Clinical follow-up was conducted 6 weeks after the completion of therapy. Posttherapy FDG-PET was carried out 3 months after the completion of therapy. Patients were followed clinically thereafter according to institutional guidelines. Median follow-up time for patients alive at the time of last follow-up was 68 months (range: 15–134 months). At the time of last follow-up, 3 patients were alive with cervical cancer and 18 patients had died because of cervical cancer. Three patients died because of intercurrent illness, and 2 patients died because of toxicity. The remaining 36 patients had no evidence of disease.

PET imaging

Before November 2002, FDG-PET was carried out using a conventional PET scanner and interpreted as previously described (13). Thereafter, all FDG-PET studies were conducted with a hybrid PET/CT scanner using methods described by Wright and colleagues (14).

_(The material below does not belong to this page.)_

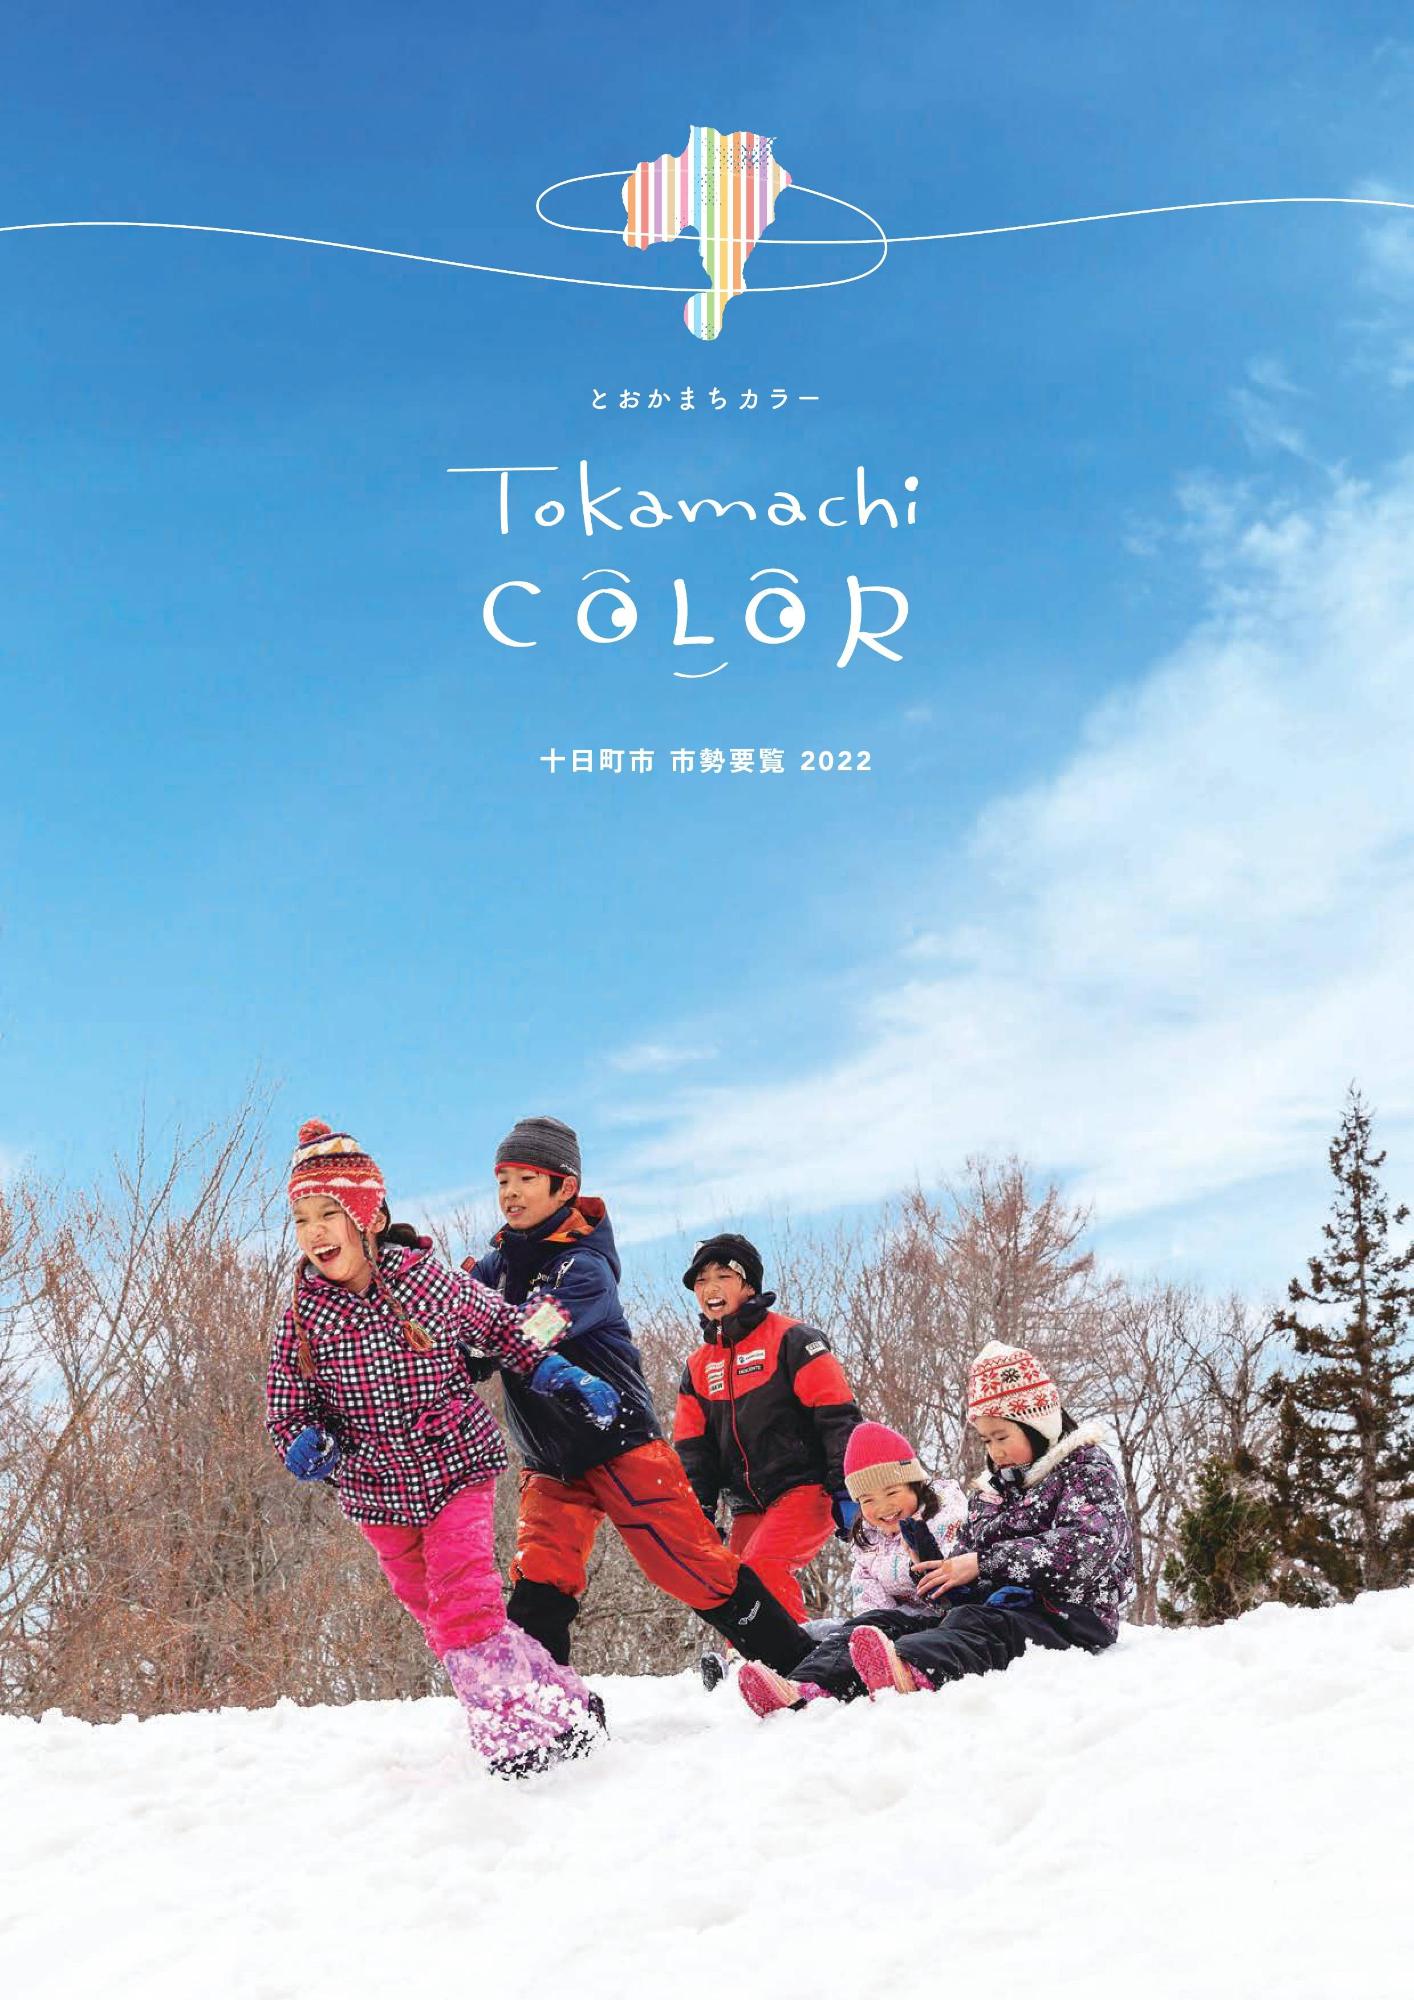 青空の下、雪の上で5人の子どもたちが雪遊びをしている（市勢要覧の表紙）

For patients in this study, 24 were imaged with conventional PET and 38 were imaged with PET/CT. PET studies were deferred until the blood glucose concentration was less than 200 mg/dL. PET/CT images were interpreted in a standard clinical fashion, both separately and in a fused mode. Standardized uptake value (SUVmax) was determined for primary tumors from the pretreatment FDG-PET as previously described (15). Three-month follow-up PET results were reviewed and compared with the pretreatment PET study as previously described (6). There were 40 pretreatment biopsies from patients with no residual FDG uptake on the 3-month posttherapy PET (PET-negative group). The PET-positive group consisted of 22 pretreatment biopsies from patients with residual or progressive disease on the 3-month post-therapy PET. Within the PET-positive group, there were 14 pretreatment biopsies from patients with persistent FDG uptake on the 3-month posttherapy PET in sites of abnormal FDG uptake on the pretreatment study (partial metabolic response) and 8 pretreatment biopsies from patients with new sites of abnormal FDG uptake on the 3-month posttherapy PET (progressive disease).

Statistical analysis

Survival and tumor recurrence were measured from the completion of treatment. The Kaplan–Meier (product limit) method was used to derive estimates of survival based on total sample size. StatView version 5.0.1 software (SAS Institute) was used for the analysis. P less than 0.05 was set as the threshold for significance for all study outcomes. Tests of equivalence of estimates of survival were carried out by the generalized Wilcoxon log-rank test. A paired t test was used to compare the results of p-Akt staining to pretreatment cervix tumor SUVmax.

Gene expression profiling

Pretreatment tumor biopsies were frozen at the time of collection. Frozen sections were histologically reviewed for documentation of invasive cancer; only biopsies with more than 25% tumor were included in this study. Tumor RNA was harvested from fresh frozen tissue with TRIzol reagent (Invitrogen) as described (16). RNA samples were then labeled and hybridized to Affymetrix Human Genome U133 Plus 2.0 expression microarrays (Affymetrix) using standard protocols from the Laboratory for Clinical Genomics, Bethesda, MD (16, 17). To carry out interarray comparisons, the raw scan data from each microarray were scaled to a target intensity of 1,500 with the Affymetrix GCOS 1.2 (MAS 5) statistical algorithm (http://www.affymetrix.com).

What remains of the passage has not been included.